No violations are found on this call.
While he often takes a zero-tolerance approach on patrol, Sandberg also plays mediator and seems natural at small talk — keys to being a keeper of the peace when necessary.
He inquires if a school-aged kid in one of the apartments plays high school football, even though the kid has been tossing around a foam basketball. The kid doesn’t, but he’s sure tall enough to be a force on the gridiron, Sandberg says.
The officer also seems natural around animals. He doesn’t hesitate to pet a friendly dog that jumps up on his leg inside an apartment. That’s followed, just minutes later, by a few pets to an equally friendly cat that does the same outside.
ON THE STREETS
Sandberg seems to know the city well.
More than once he stops his patrol car to talk to someone he’s met before. During one such stop, he asks a man walking his dogs how a relative is doing. In another, he inquires if a man filling his gas tank has lost weight since he last saw him. The man hasn’t, but he appreciates the gesture nonetheless and wishes the officer a good night.

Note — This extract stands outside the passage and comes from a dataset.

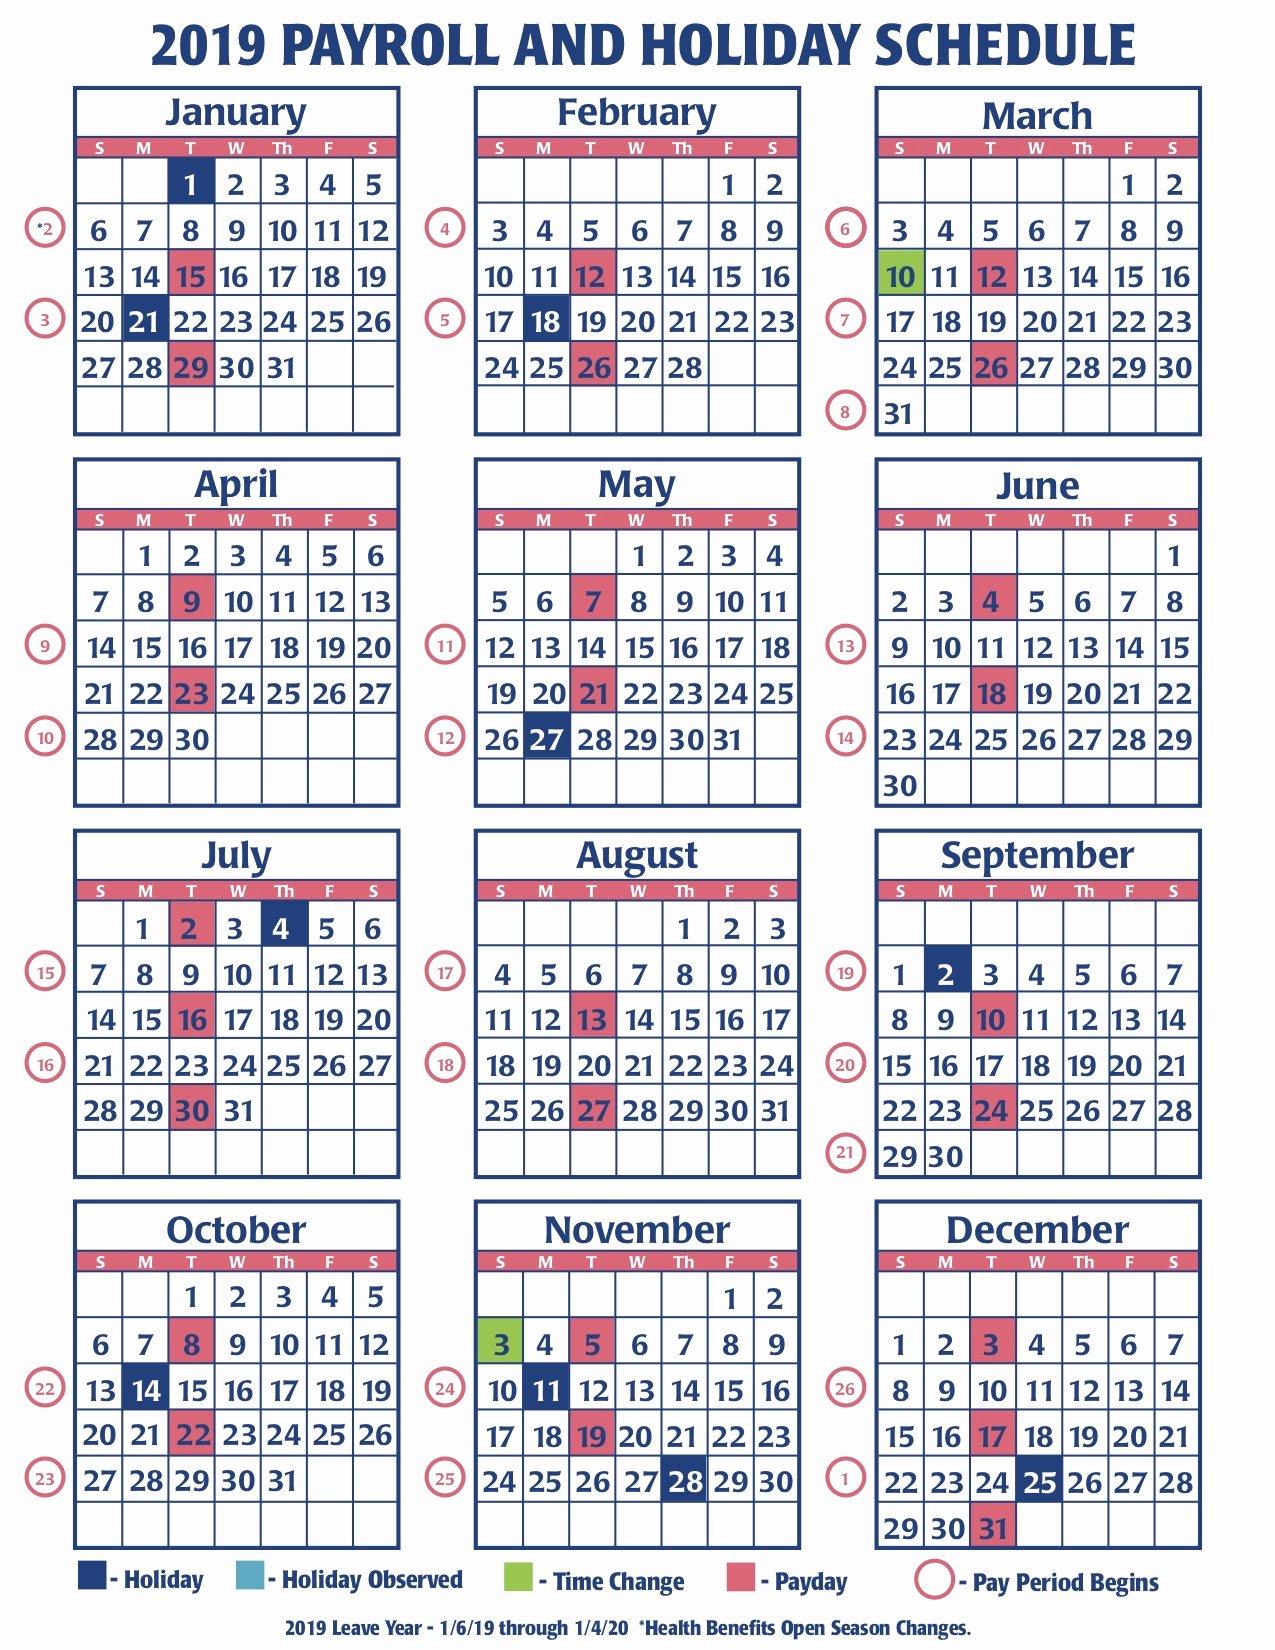 Payroll Calendar Template 2019 Fresh Weekly Payroll Calendar for 2019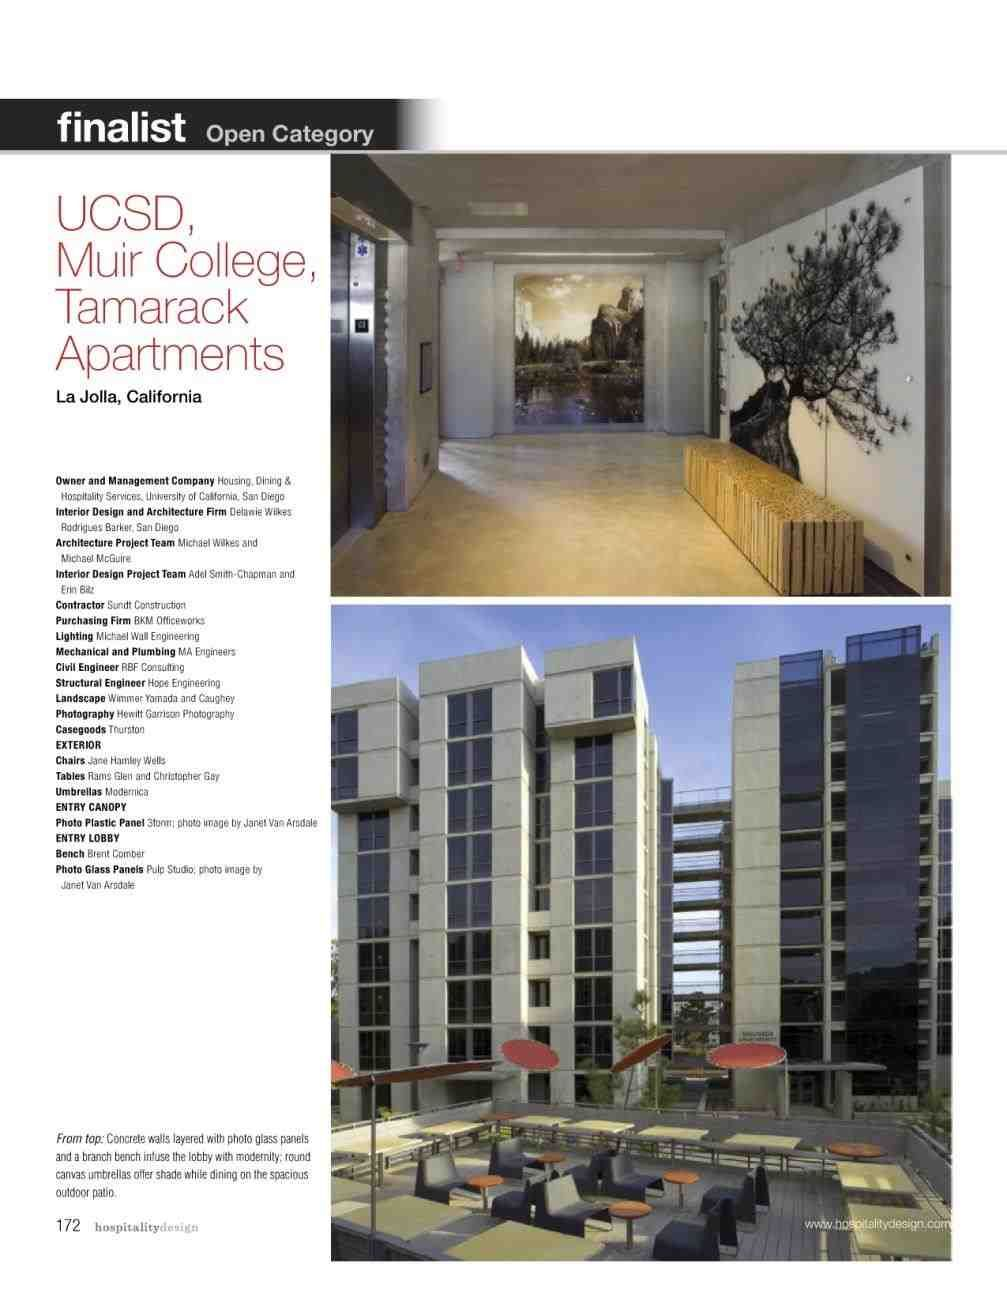 Apartment Ucsd Ridgewood Village Apartments Open Layout At

When Sandberg comes across a woman near downtown complaining of an injured leg, he offers to call her an ambulance. The woman is hesitant at first, suspicious that the officer may try to arrest her for something. But he assures the woman he’s just checking up on her, and she eventually agrees to the much-needed first aid.
While waiting for the ambulance, Sandberg and the woman strike up a conversation about the city and its inhabitants. She’s blunt about a lot of things, and he’s content at listening, throwing out a name every now and then to show he knows who she’s talking about.
Eventually the ambulance shows up and he wishes her well.
Later on, Sandberg is parked in another one of his go-to hideaways. It’s even more ideal than the first spot, and within five minutes he easily detects a Ford Mustang that’s noisily making its way along East Fifth Street. The car is stopped, and the driver is ticketed.
Sandberg doesn’t make it 30 seconds after leaving the stop when he comes across a pickup truck with a loud exhaust.
Lather, rinse, repeat.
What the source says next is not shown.